Ileal J-Pouch anal anastomosis surgery eliminates the need for a permanent ostomy and the concern of many people about their body image. Not surprisingly, satisfaction with this procedure has been high. However, it will take time, patience—as well as trial and error—to adjust to this lifestyle change.

In the following article, we will talk about what you may expect after the ileostomy has been reversed.

Anal/Pouch Bleeding
Don't be afraid if you experience a small amount of bleeding around the anal area. This is normal and is usually caused by irritation at the suture line (your stitches).

Diarrhea
The frequency and consistency of bowel movements varies from patient to patient. Usually the first bowel movement occurs two to three days after the operation. To ease the discomfort from your incision, press a pillow against your abdomen.

What You Should Do
After you go home, it is important that you continue to exercise your anal muscles. You also should begin to try to hold back your bowel movement a bit to stretch the pouch.

Remember: The stronger the muscle, as the pouch stretches, the better control you will have.

Bowel Frequency & Urgency
After surgery, when stools begin to fill the J-pouch, you can expect to feel urgency and frequency. It is not uncommon to have 10 to 20 bowel movements in a 24-hour period before you have started to eat solid food and are started on constipating medication.

When you go home and begin to eat a more normal diet, the bowel movements will thicken and decrease in volume. You may feel discouraged at the number of bowel movements you have during the day. You may even have to get up more than once a night.

Over time, the number of bowel movements will decrease. There also are steps you can take to help slow the frequency.

What You Should Do

  • Call your doctor if you have more than six to seven stools a day. He or she will prescribe medication to help decrease the diarrhea and increase the bulk.
  • Thin or watery stools are difficult to hold.

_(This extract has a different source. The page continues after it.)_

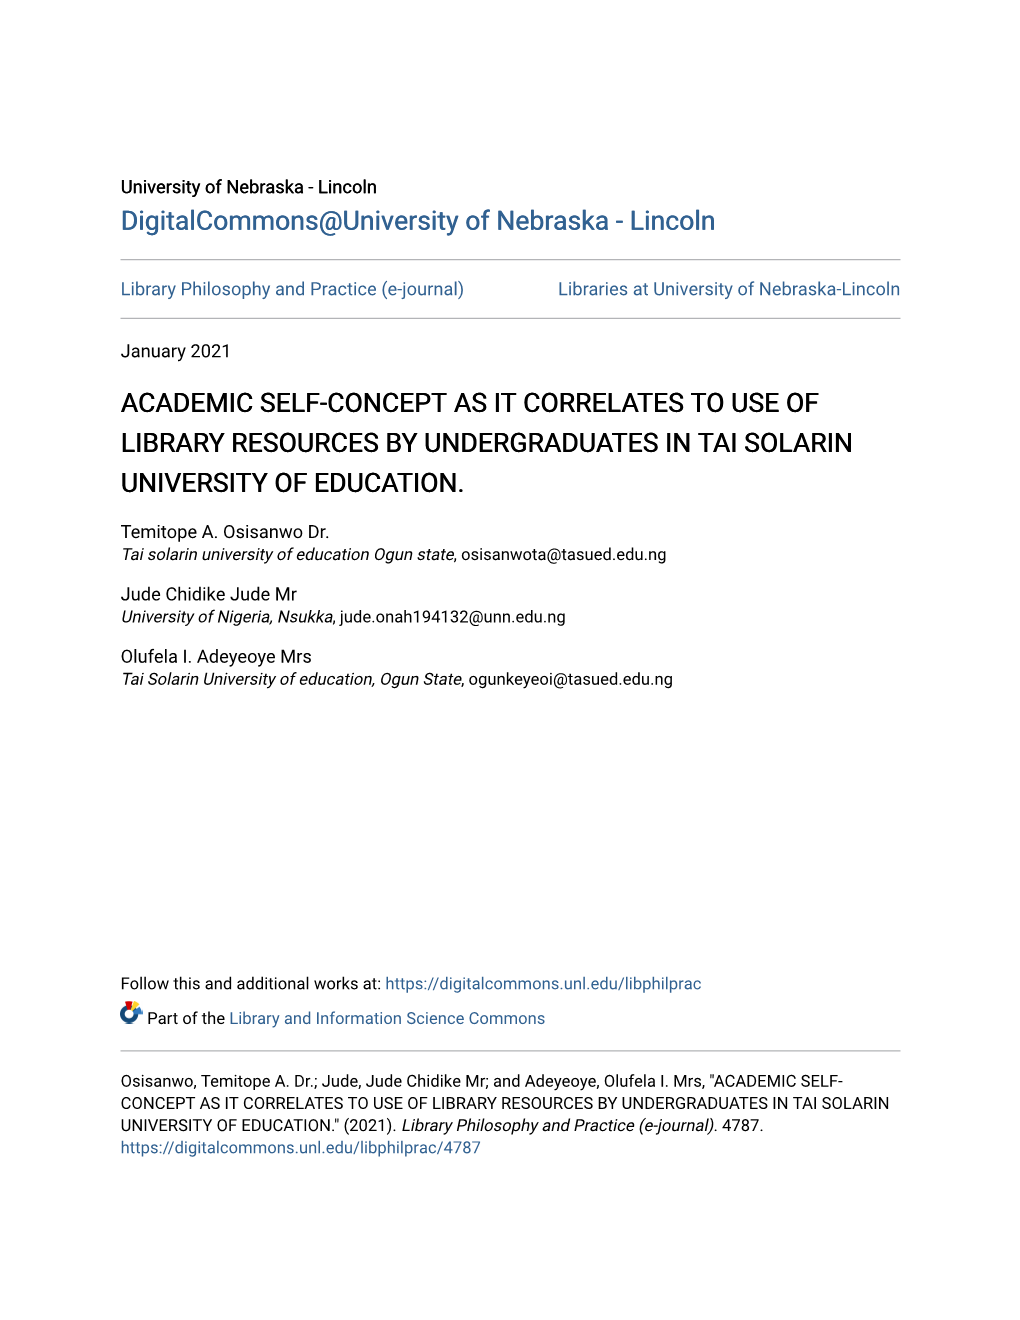 Academic Self-Concept As It Correlates to Use of Library Resources by Undergraduates in Tai Solarin University of Education

Bulking agents (i.e., Citrucel), antidiarrheal medicines (i.e., Imodium, Lomotil, codeine), and change in diet—eating binding foods such as rice—can often resolve this.

Incontinence
It is normal to have some incontinence and/or leakage. Over time, this will resolve as the pouch stretches.

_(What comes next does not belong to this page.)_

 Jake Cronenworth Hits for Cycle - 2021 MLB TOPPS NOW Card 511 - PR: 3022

Nighttime incontinence is the most common, and you should be prepared for this. If you need added protection, pressed cotton makeup removal pads are the most absorbent. Place one of these in front of the anal area. Be sure to change the pad each time you urinate or have a bowel movement.

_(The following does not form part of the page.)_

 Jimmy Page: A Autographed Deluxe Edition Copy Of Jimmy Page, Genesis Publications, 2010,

You may find that it is difficult to tell the difference between gas and stool. This can be a frustrating experience. Be patient with yourself, you will gradually learn to tell the difference again.

Remember: It is not uncommon for it to take about six to eight months to be able to tell the difference between gas and stool.

Skin Care
It is very important to keep the anal area free from irritation and itching. An irritated anal area is more likely to send confusing signals and trigger more incontinence.

What You Should Do

  • Examine your skin and notify your surgeon's office if you see any rashes.
  • Do not wipe the anal area with harsh toilet paper. Instead, use baby wipes, which are more suited for delicate skin.
  • Be sure to rinse the anal area with warm water and pat dry. Early on, in some cases, using a hair drier on a low setting is the least irritating way to dry the area after bathing.
  • Wearing cotton underwear will allow air to get to the area so that your skin will not get too moist.
  • Your surgeon may recommend some soothing ointments. There are many products that might be helpful (i.e., Calmoseptine or Criticaid).

Remember: Continue to follow this skin care routine for two to three months after surgery—by which time the number of bowel movements should have decreased.

Everyone who has had this procedure should be sure to carefully follow the advice of your surgeon and nurse. Don't be shy to ask for help when you need it. If you have any questions, your healthcare team is just a phone call away.